The notion of Anthropocene ghosts also closely relates to David Farrier's concept of future fossils. Farrier writes, "In my search for future fossils, I took to the air, the oceans, and the rock, from the bubble of ice drawn from the heart of Antarctica to a tomb for radioactive waste deep beneath the Finnish bedrock" (22). Farrier stresses the significance of scouring for "landscapes and objects that will endure the longest and the changes they will undergo" and recognizing that seeking future fossils is also a "search for what will be lost" (22). The notions of Anthropocene ghosts and future fossils are particularly powerful in connection with Foerster's poetry. The characters and agents in the collection haunt the landscape and seascape, the nonhumans, especially, exist within their own temporalities, living long before and after humans. These are Mvskoke Anthropocene ghosts. Foerster examines the colonial culpability relevant to environmental destruction while paving a way for Mvskoke futures. Bright Raft in the Afterweather creates a productive Anthropocene intervention because her poetry imagines (or describes an already current) catastrophic present and/or future while conveying the relationship Mvskoke peoples have with the environment to begin to heal colonial human impact.
Old Woman and the Sea
Creation stories are imperative to all homelands (both physical and spiritual). The first poem of the collection "Old Woman and the Sea" relays a kind of creation narrative through the dialogue of three different agents: a woman figure named Hoktvlwv, the speaker of the poem, and the sea. A note at the end of the poem tells readers that "Hoktvlwv" is Mvskoke for elderly woman. Throughout the collection, Hoktvlwv often appears as a female spirit or figure of the coastline. Hoktvlwv may also be analyzed as a time traveling ancestor. Channette Romero theorizes the use of spiritual temporalities, especially as they are utilized in literature written by women of color. Her concept of "spirit time" seems relevant in understanding who Hoktvlwv is in Foerster's poetry. Spirit time "describes a temporality where spirit beings and ancestors literally reinsert themselves into the present" and "this temporality shows how all times are connected, how the past always touches the present through the existence and embodiment of spirits" (57).

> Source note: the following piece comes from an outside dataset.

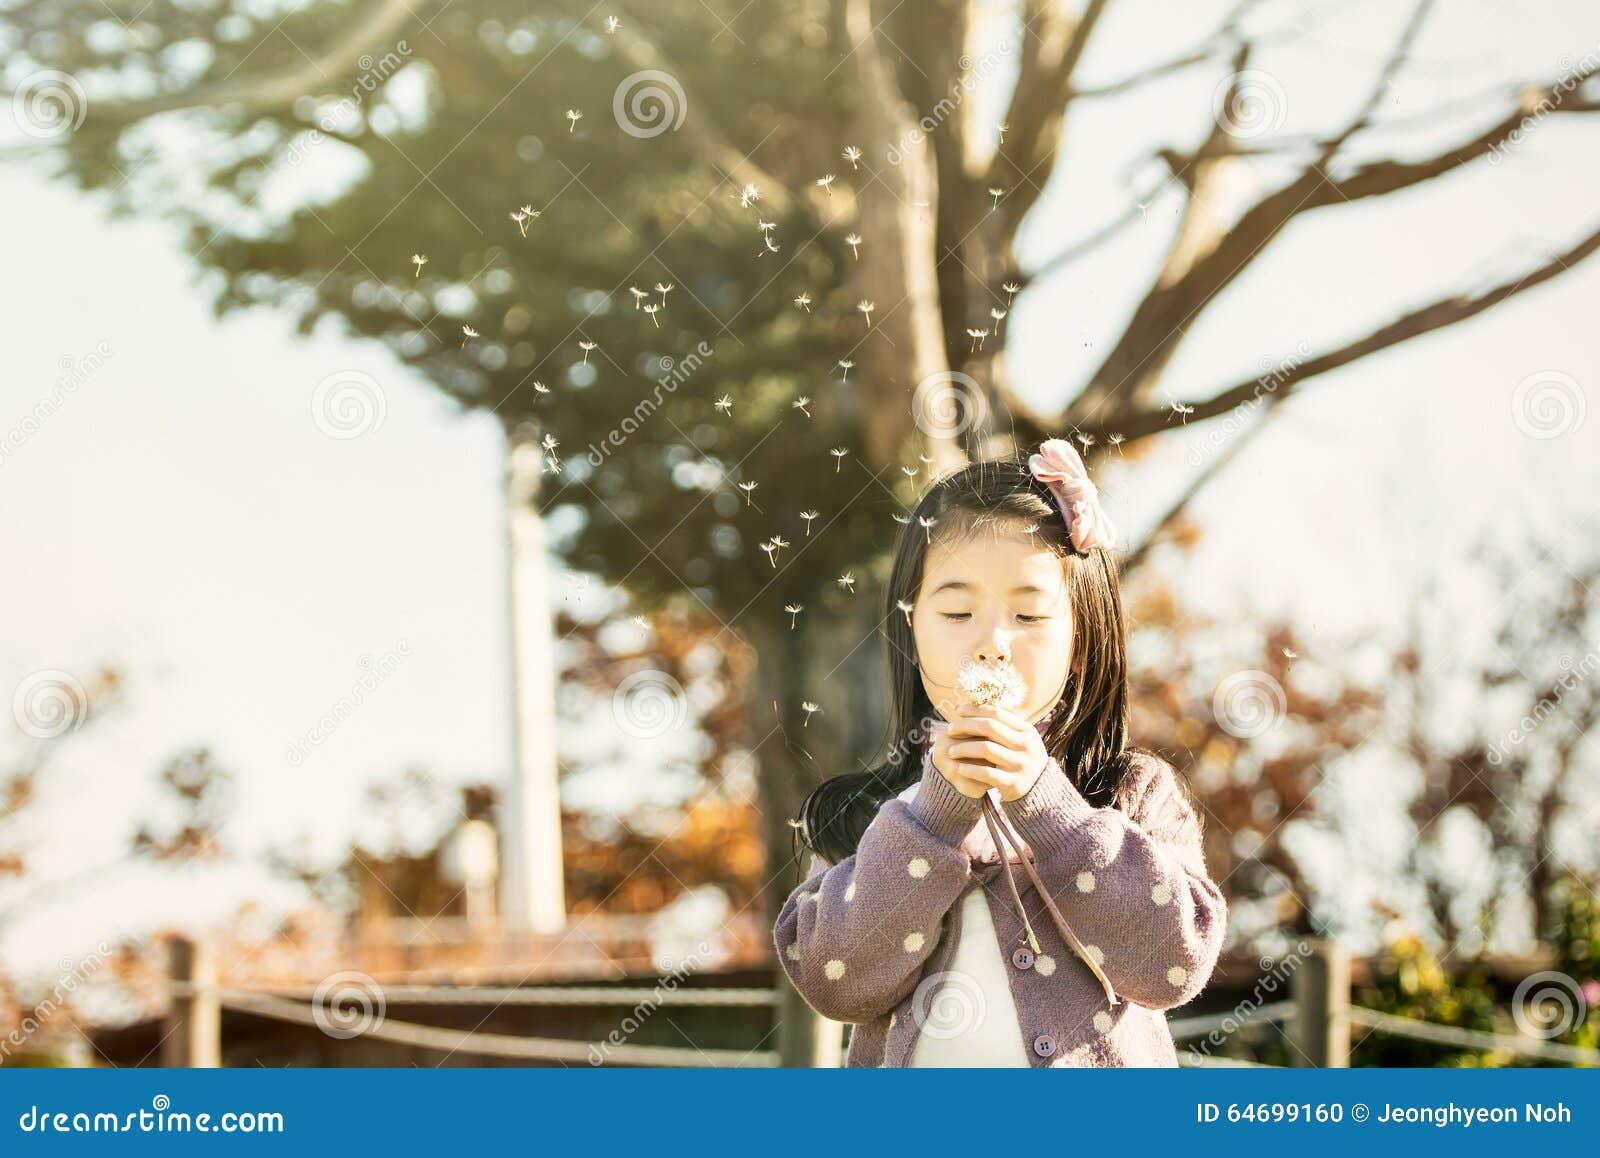 吹一个蒲公英的孩子在公园

Hoktvlwv appears in order to help create futures while also embodying the past and Mvskoke traditions in the collection. The reference to Hoktvlwv as an "old woman" in the title also supports the analysis that she is an ancestor or spirit with powerful traditional knowledge.

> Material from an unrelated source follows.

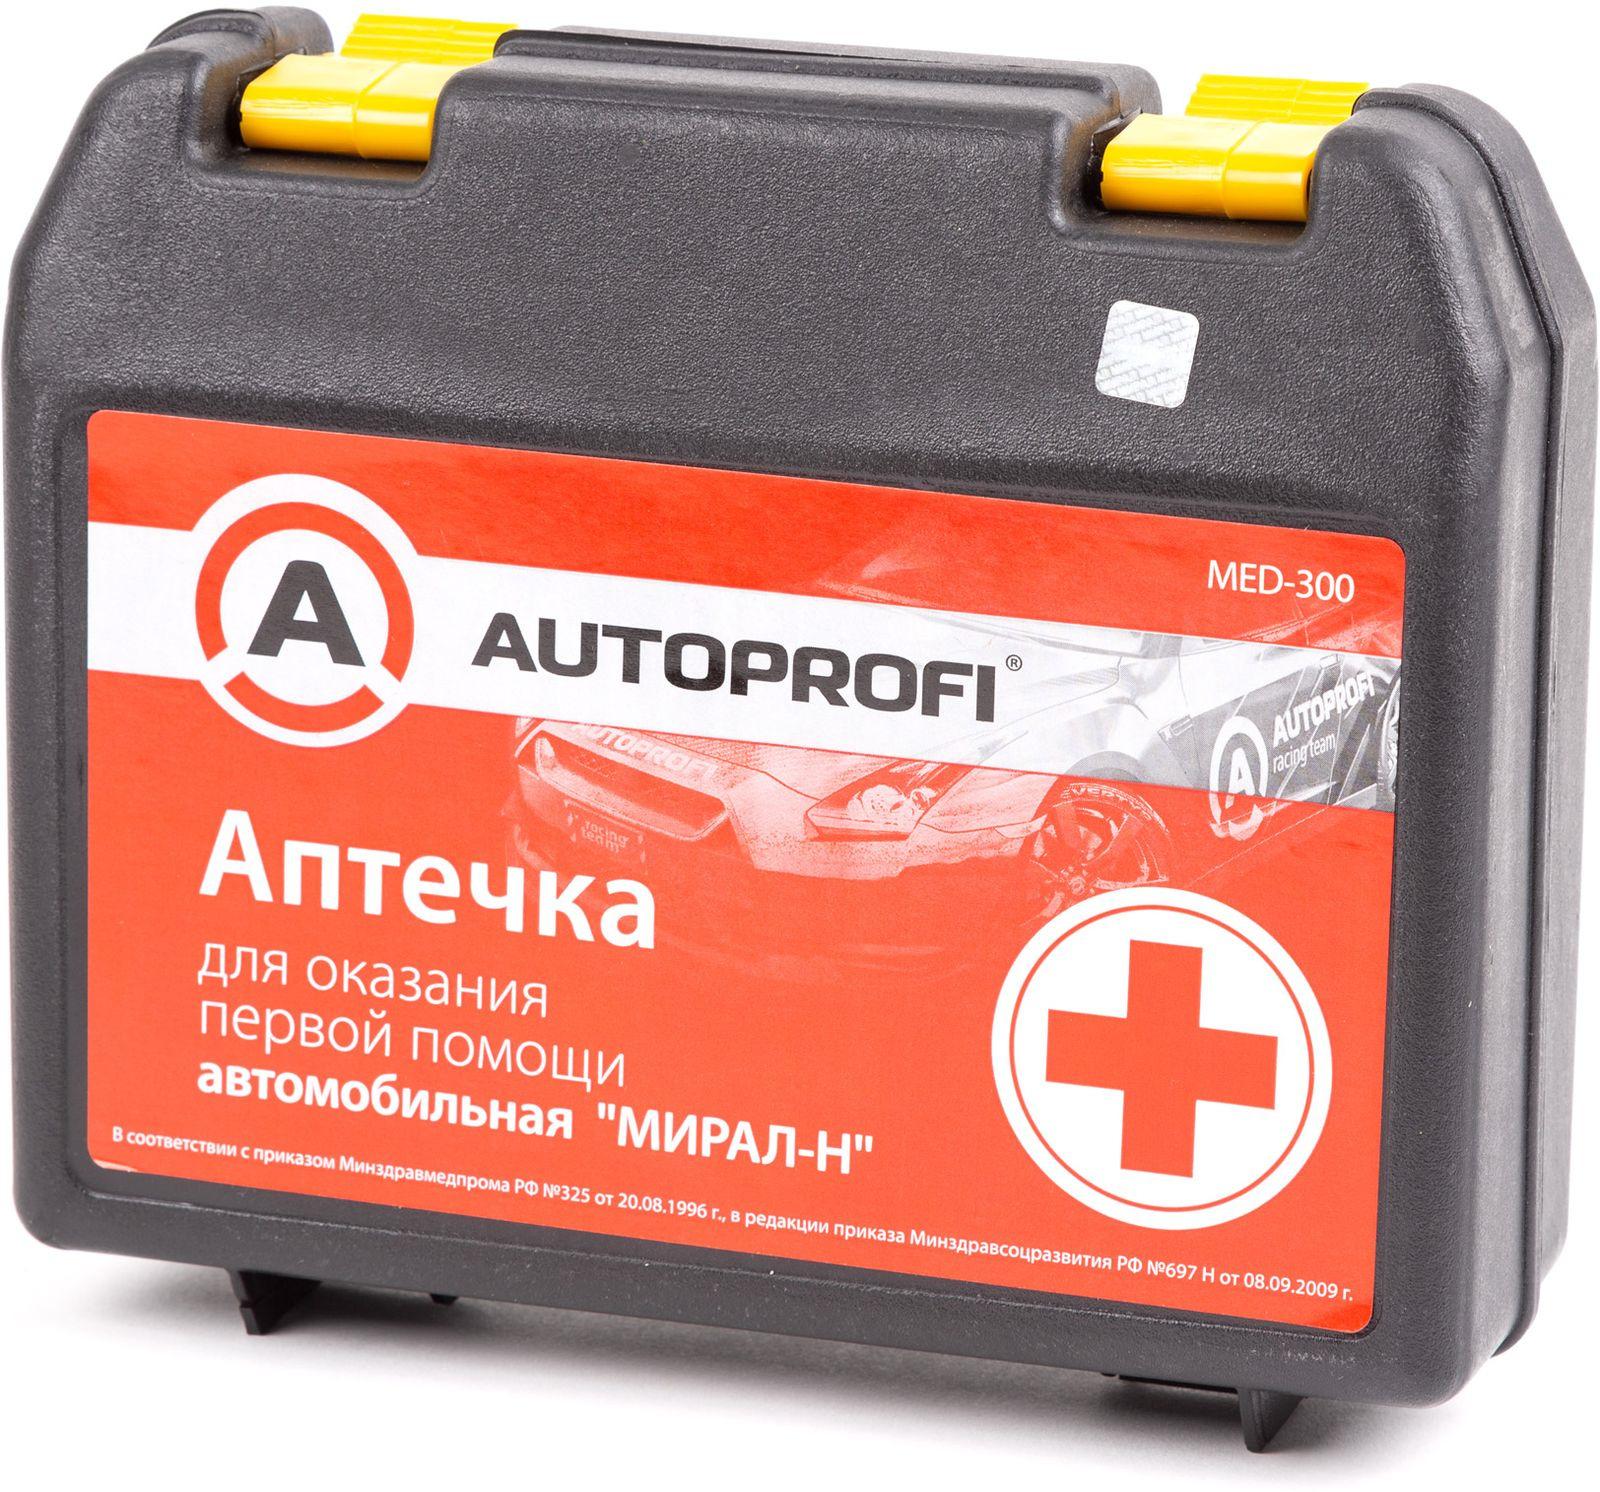 Аптечка первой помощи Autoprifi, MED-300, автомобильная

"A star, the sun, was born in the dark. / Salt leached from rocks. / The ocean rusted" the poem begins (1-3). The poem alternates between italicized stanzas and non-italicized stanzas, creating the distinction between Hoktvlwv's voice and the speaker's voice. The speaker and Hoktvlwv are "talking / at the shore beside the tin carcasses" (4-5). A new world beginning from a previous ending is implied from these lines through language like "rusted" and "carcasses," which suggest a kind of deterioration. The poem also states, "The continent drapes its burnt cape behind us" (9). The scorched mass of land and water creases and decays from slow violence.

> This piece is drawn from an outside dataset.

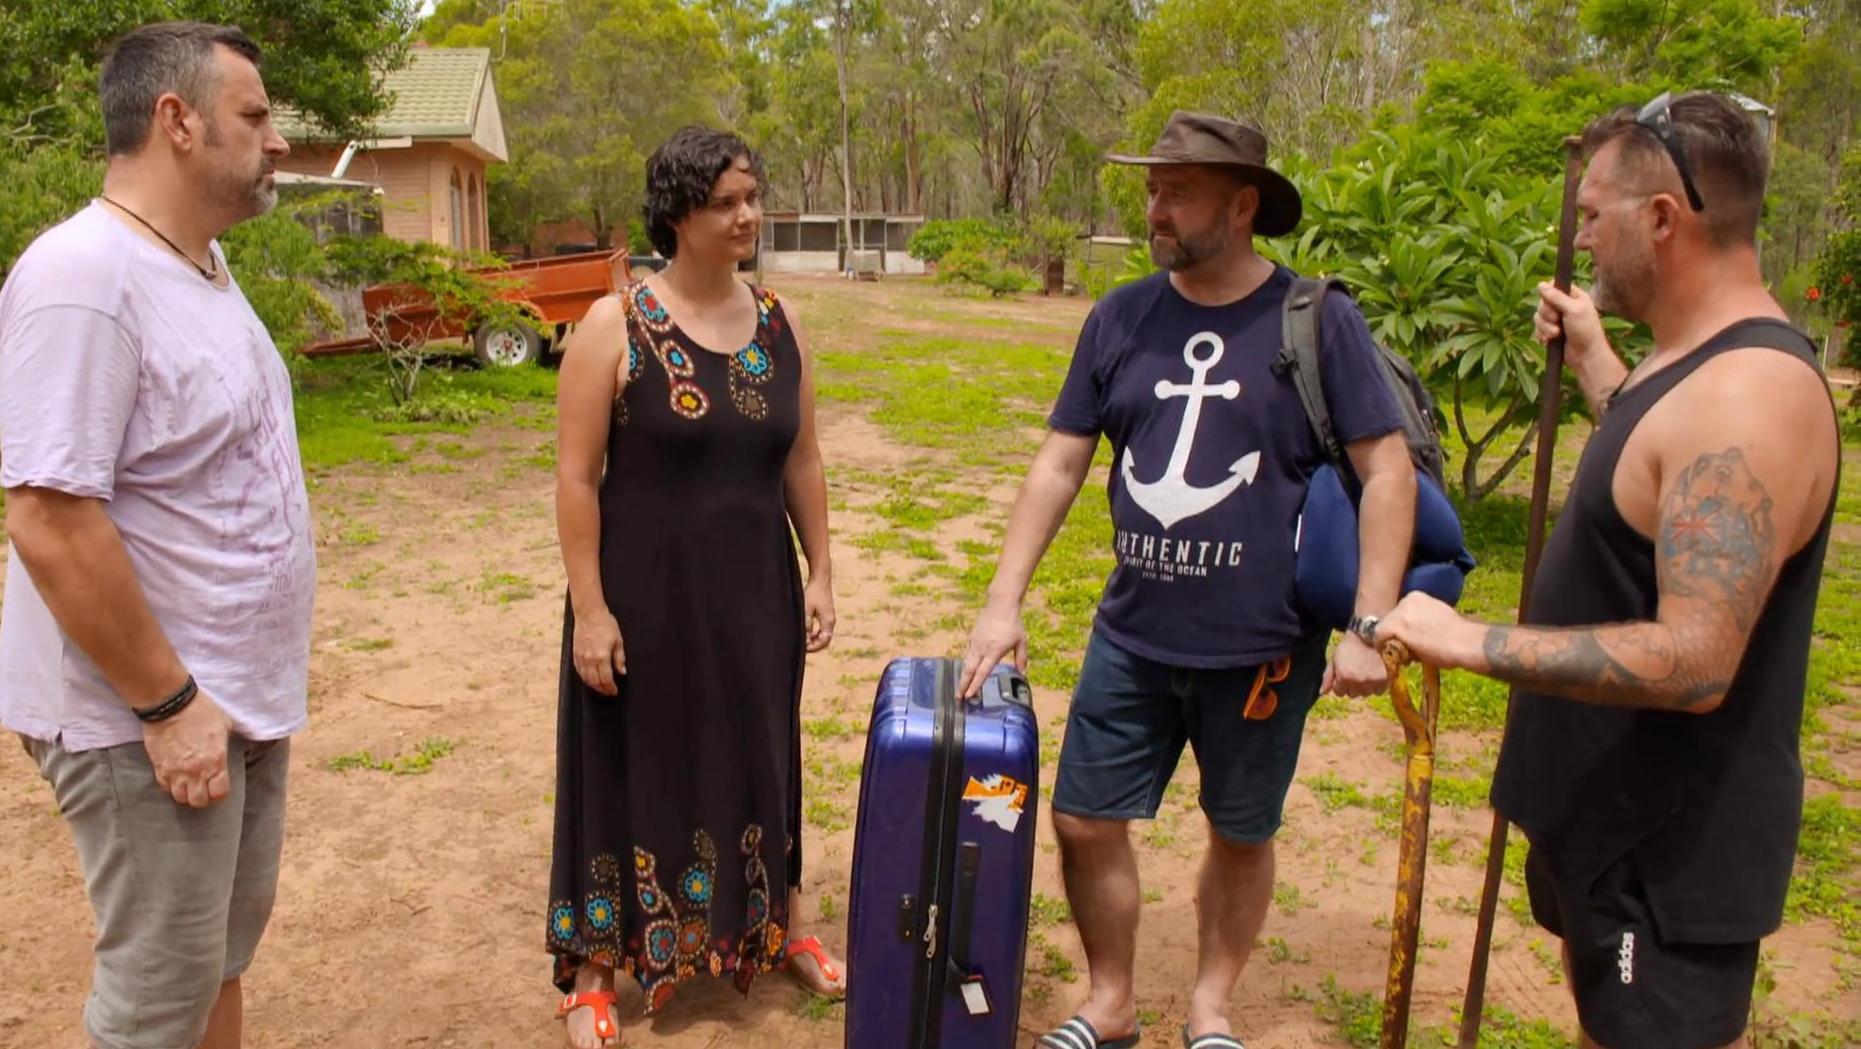 Frauen suchen männer perth australien

Rob Nixon defines slow violence as "violence that occurs gradually and out of sight, a violence as delayed destruction that is dispersed across time and space, an attritional violence that is usually not typically viewed as violence at all" (Nixon 2). A few examples of slow violence that Nixon identifies that are relevant to Foerster's poetry include climate change, deforestation, and acidifying oceans (Nixon 2). The forced removal from Mvskoke lands in the Southeast by the U.S. government and military is one form of slow violence against both the land and Mvskoke peoples. According to the Muscogee (Creek) Nation website, "The Muscogee (Creek) people are descendants of a remarkable culture that, before 1500 AD, spanned the entire region known today as the Southeastern United States" and "the historic Muscogee, known as Mound builders, later built expansive towns within these same broad river valleys in the present states of Alabama, Georgia, Florida and South Carolina." To Mvskoke (Creek) peoples, "what was important were the rivers, the piedmont, the coastal plain, and the fall line, for these natural features defined the Nation and marked its limits" (Green 1). The Mvskoke nation had a "small fertile crescent," "heavy tree cover," and six major river systems (Green 2). Forced removal and so-called voluntary emigrations beginning in 1827 separated Mvskoke people from their traditional homelands, though, and this would prove traumatic to the land and to the Mvskoke.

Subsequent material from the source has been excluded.